Wednesday of the Fourth Week of Lent
O God, who reward the merits of the just and offer pardon to sinners who do penance, have mercy, we pray, on those who call upon you, that the confession of our guilt may serve to obtain your pardon for our sins. Through our Lord.
* * * * * *
Fifth Sunday in Lent (Year “A”) – April 10, 2011 -- JESUS OFFERS EVERYONE THE RESURRECTION LIFE [Texts: Ezekiel 37.12-14 [Psalm 130]; Romans 8.8-11; John 11.1-45]
Coming after Jesus' cure of a man born blind, with which it is linked (“Could not he who opened the eyes of the blind man have kept this man from dying?'”), Jesus' raising Lazarus from the tomb proclaims Jesus' offer of light and life.
The Church reads the Lazarus story during Lent not merely to encourage catechumens awaiting Baptism at Easter. For the liturgy stresses that Lent is a time for all Jesus' disciples to renew the baptismal commitment they made or their parents and godparents made for them.

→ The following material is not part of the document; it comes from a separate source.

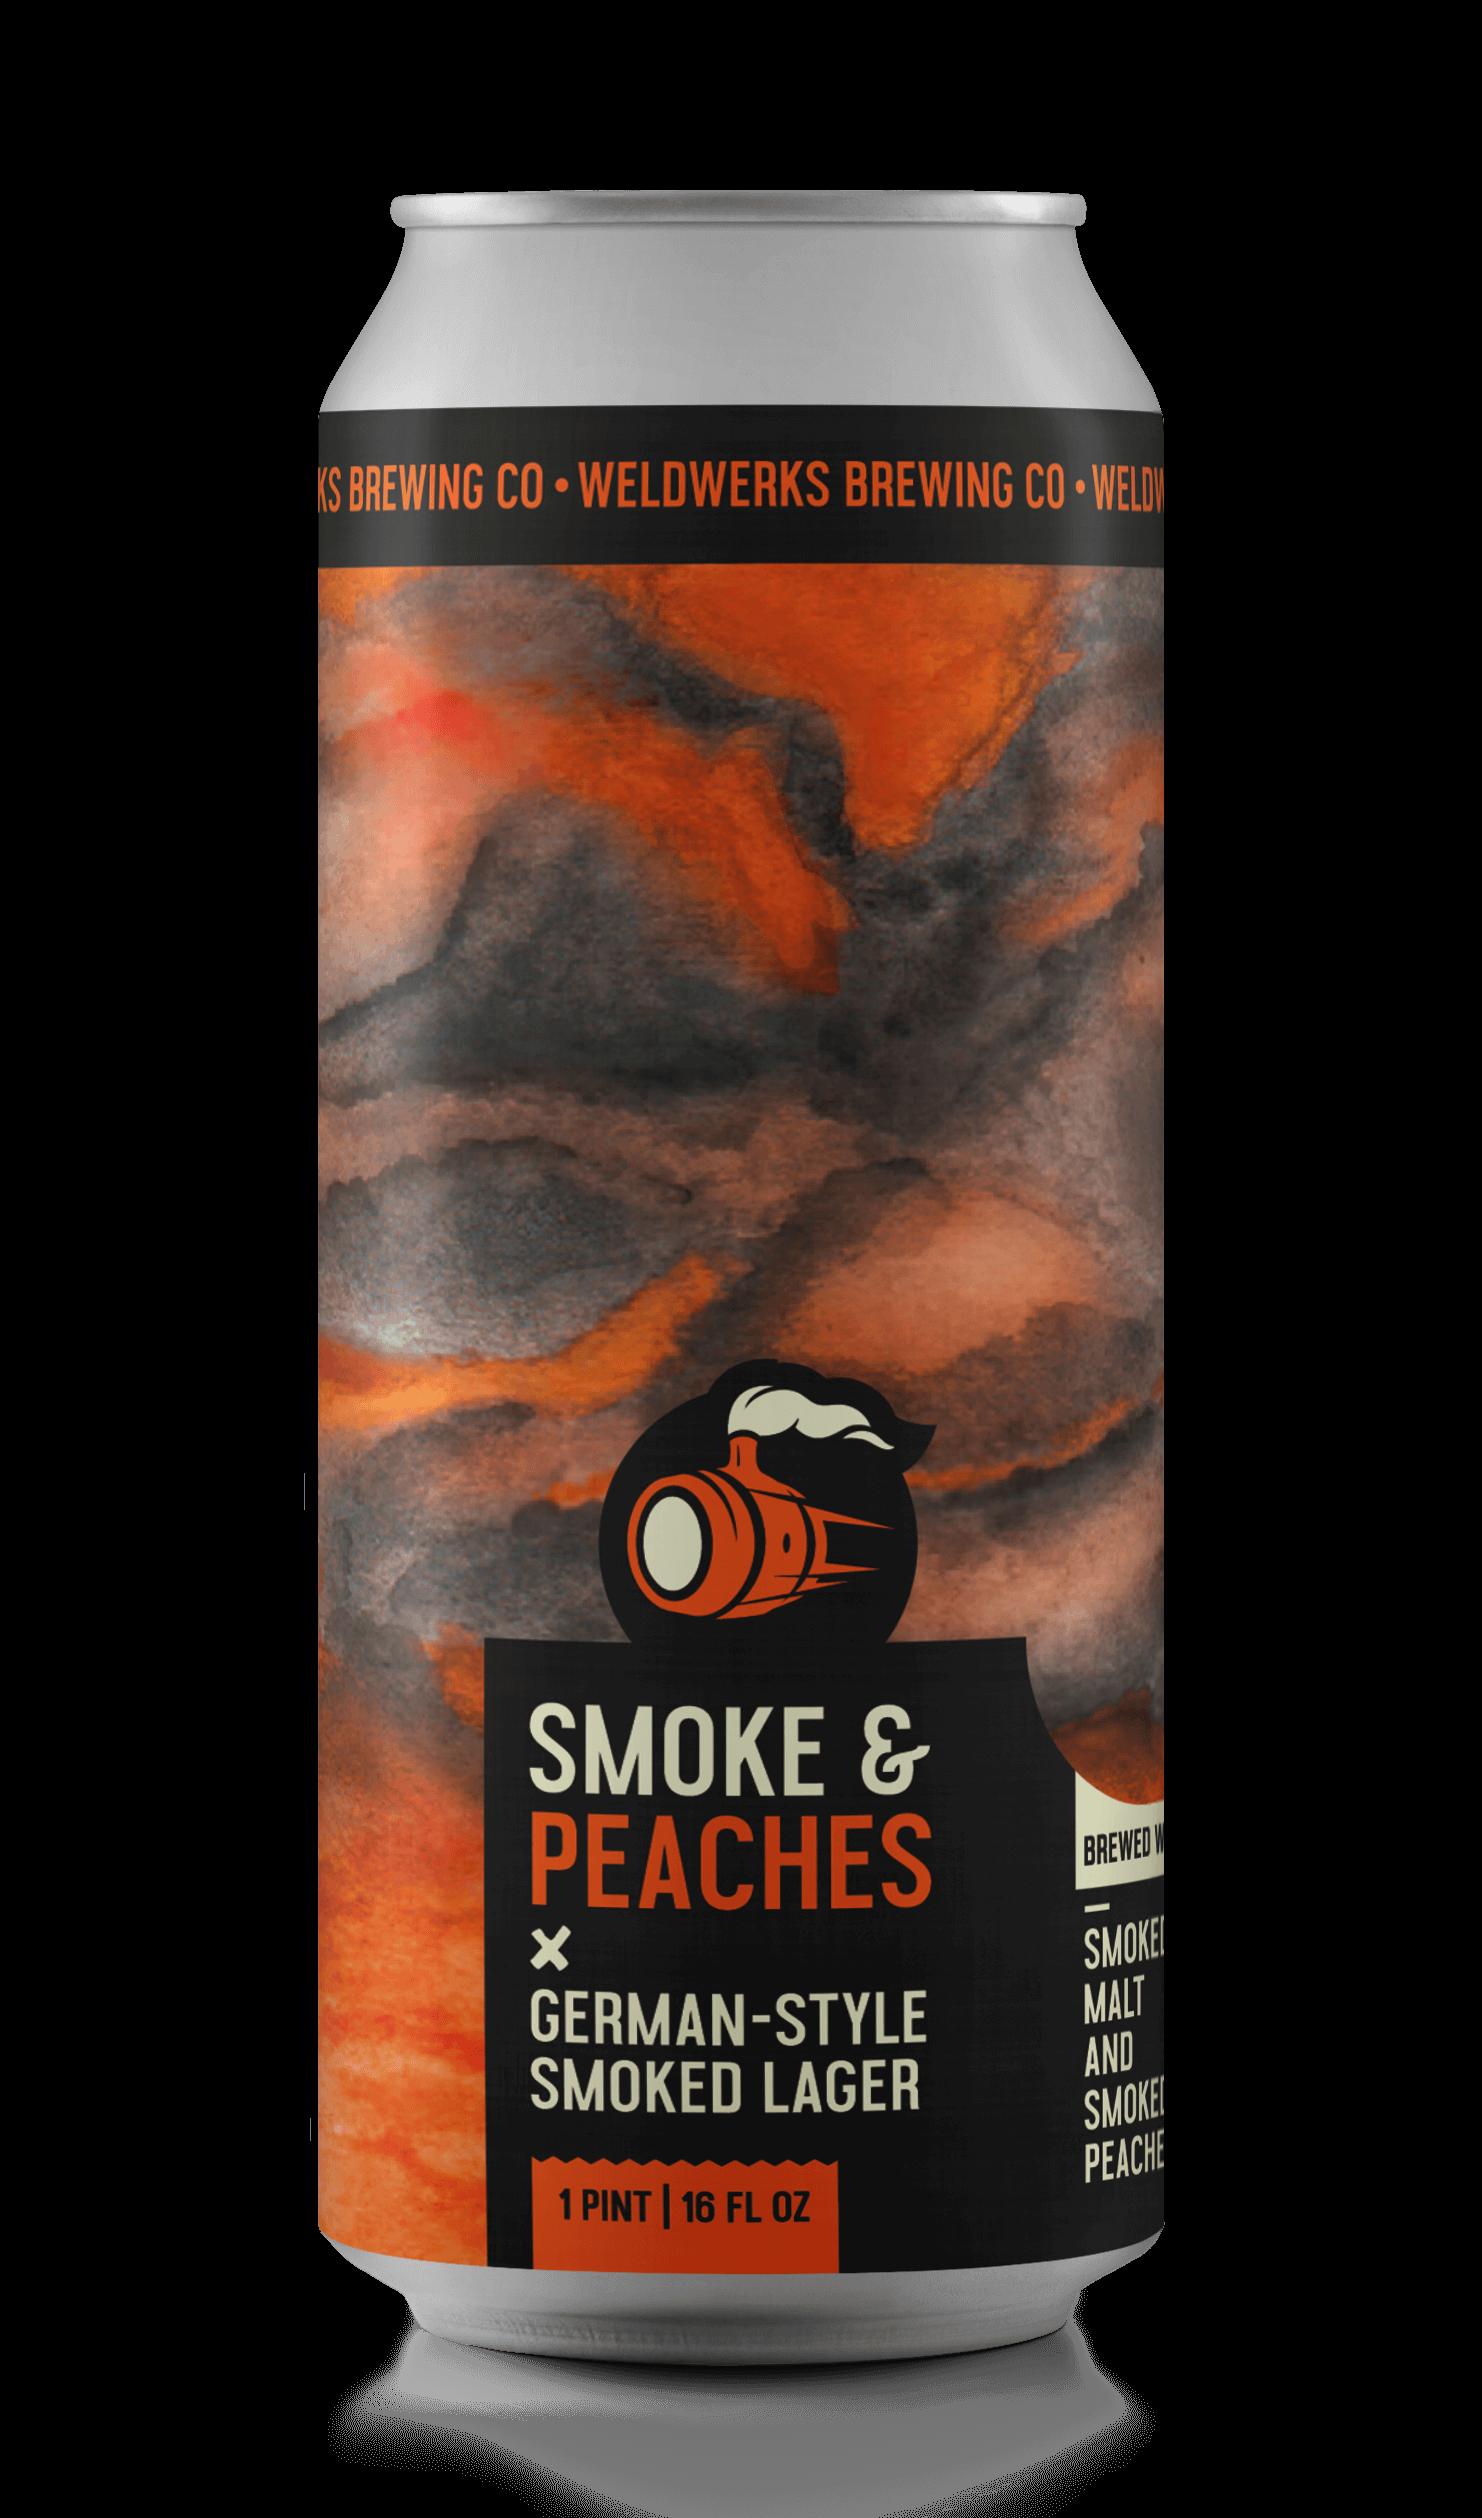 Smoke & Peaches

The Preface of this Fifth Sunday of Lent summarizes the issues at play in Lazarus' restoration to life: “As a man like us, Jesus wept for Lazarus his friend. As the eternal God, he raised Jesus from the dead. Christ gives us the sacraments to lift us up to everlasting life”.
The commitment to live Jesus' risen life, which catechumens make at the Easter Vigil, is challenged by the difficulties people face along life's journey. Often, the supreme test comes when someone encounters the mystery of human mortality, their own imminent death or that of a loved one.

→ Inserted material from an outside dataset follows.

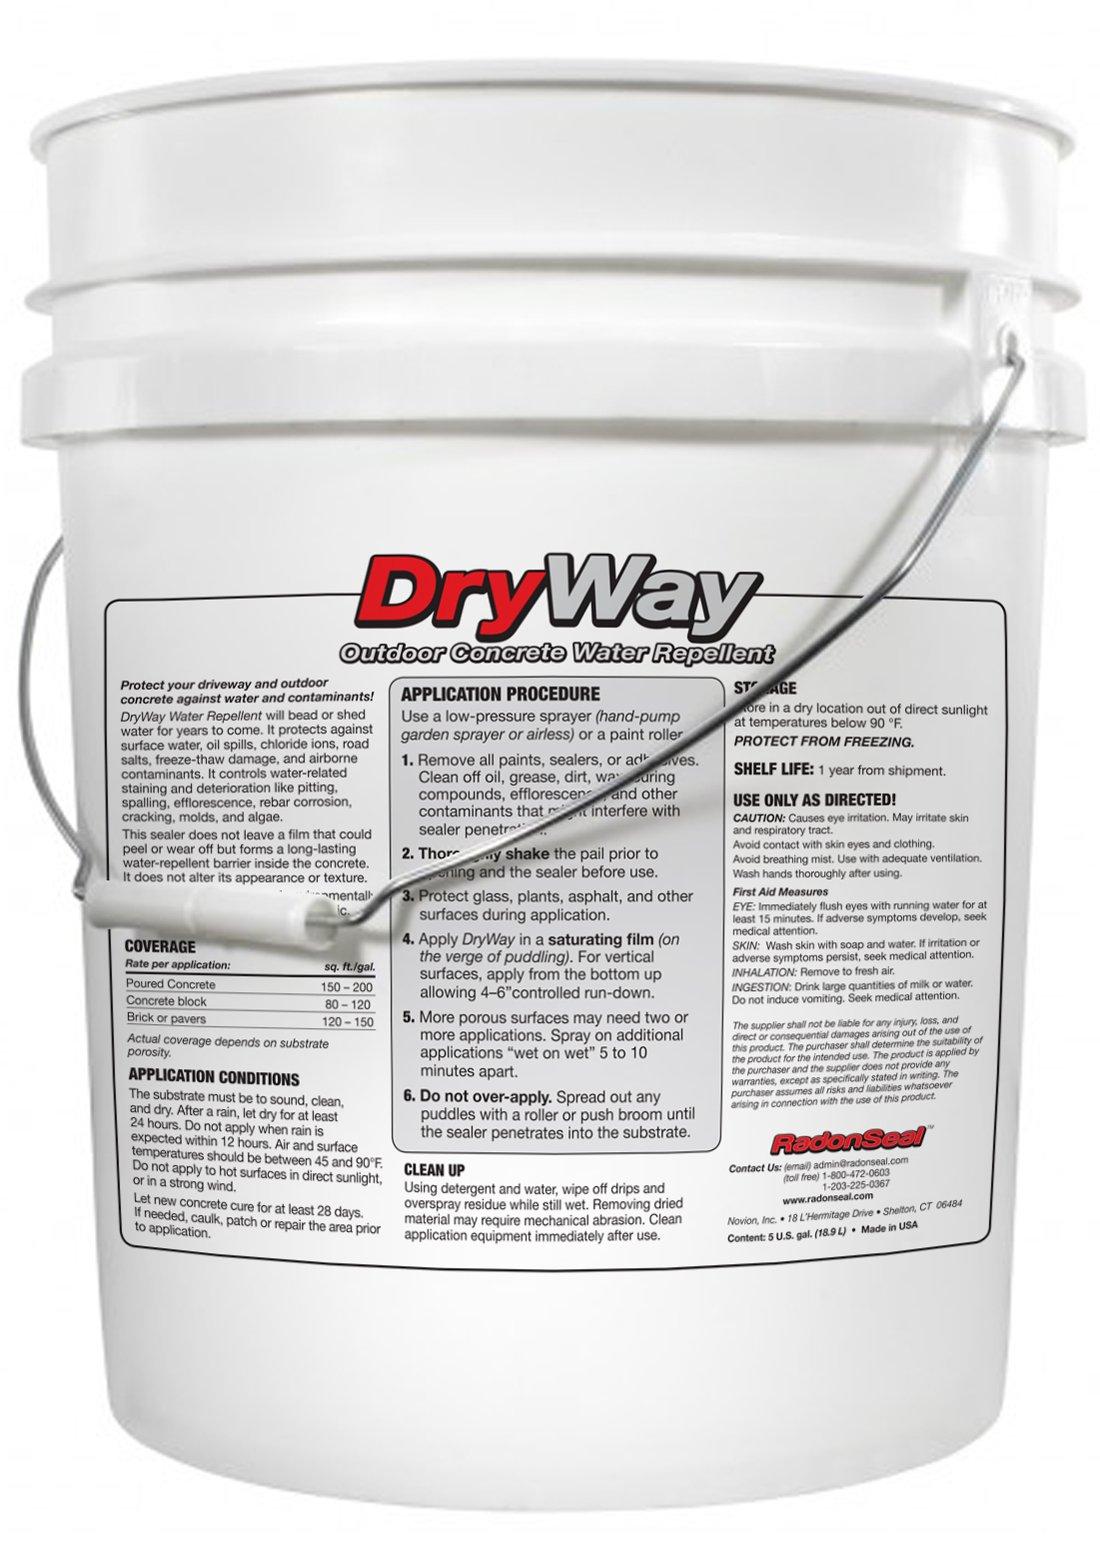 DryWay Water-Repellent Concrete Sealer | Penetrating Silane & Siloxane | Driveways, Garages, Patios, Pool Decks | Concrete, Brick & Pavers | Flat Finish | Interior/Exterior (5-Gallon)

Martha's statement to Jesus expressed the human struggle with her brother's death, that seemed premature, even absurd. Why did God allow it and why, she asked, did Jesus not intervene to prevent it: “Lord, if you had been here, my brother would not have died”.
Jesus was affected by the death of his friend Lazarus. Powerful, emotional expressions describe the inner turmoil Jesus felt in anticipating His coming death (“Jesus began to weep... Jesus, again greatly disturbed, came to the tomb”).

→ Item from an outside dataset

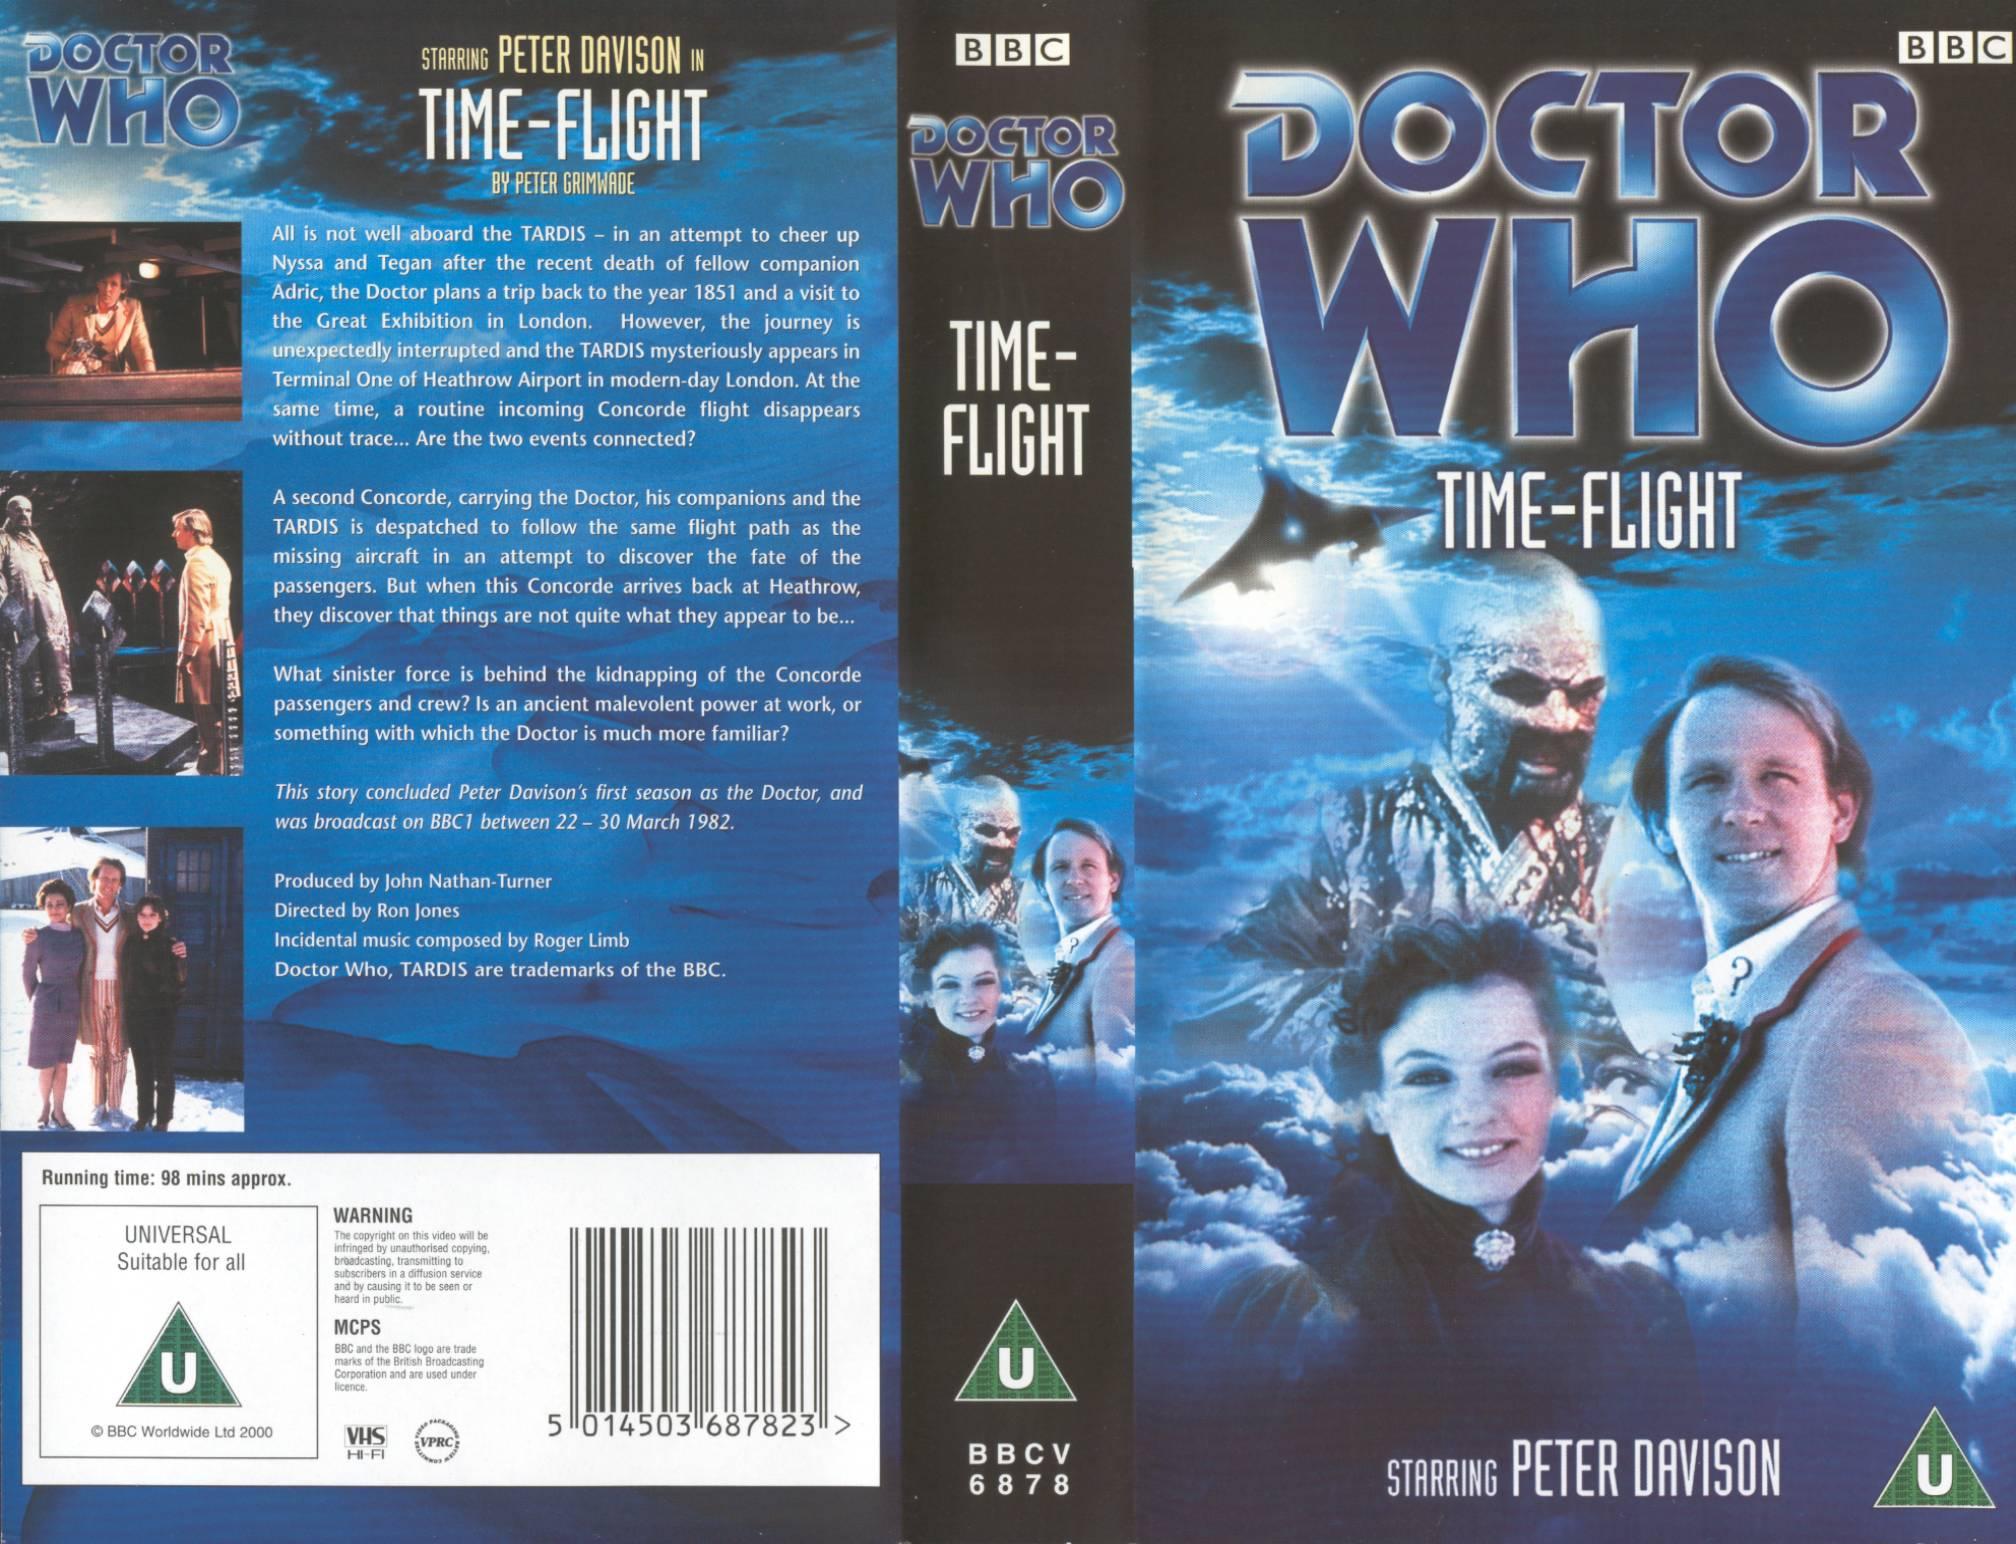 Time-flight VHS

Death offers opportunities for deepening one's faith in God. And Jesus' gratitude showed the way, “Father, I thank you for having heard me”.
Martha expressed faith in Jesus, but flinched when Jesus ordered the opening of Lazarus' tomb. Her faith needed to press on, beyond the death of her brother, to accept Jesus' teaching, “I am the Resurrection and the Life”.
Jesus brought Lazarus back to earthly existence. But his purpose was greater—to offer humanity an eternal life that death cannot touch. Because they believe, Christ's followers never fully die: “Those who believe in me, even though they die, will live”. Jesus' challenge to Martha is put before everyone, “Do you believe this?”
The life to which Lazarus was raised was a natural one and good. Jesus wanted it to represent eternal life, which only God possesses. And Jesus, as God's only Son, makes that life possible for believing disciples who, like Martha, share her faith.
Ezekiel's vision of the Valley of Dry Bones is his best-known passage (37.1-11). God pledged to cover skeletons with sinews, flesh and skin, giving each individual the breath of life. The interpretation of the vision (37.12-14) applied it to the House of Israel in its despair and lack of hope.
The Church sees in Ezekiel's vision anticipations of both Jesus' resurrection and the general resurrection at the end of time. It is appropriate as a commentary on the raising of Lazarus only to a limited degree. For Lazarus' restoration to life—a “resuscitation” rather than a resurrection, since he died again—points to Jesus' coming, definitive resurrection.
Paul tells how death and life are intermingled in Christian life (“though the body is dead because of sin, the Spirit is life because of righteousness”). Still, the predominant emphasis he gives is that God's Spirit offers the Christian a foretaste of eternal life here and now.
With a series of formulas—Christians are “in the Spirit”; “the Spirit of God dwells in you”; disciples “have the Spirit of Christ”, (Romans 8.9); “Christ dwells in you” (8.10); “the Spirit of God ... dwells in you” (8.11)—Paul tries to describe the symbiotic relationship between the risen Christ and the Christian who will be raised from the dead.
True, Christians will die from the consequences of sin at work in their lives. But this is not God's final word. In the end, God intends to share Christ's triumph with his disciples: “God who raised Christ from the dead will give life to your mortal bodies also through his Spirit that dwells in you”.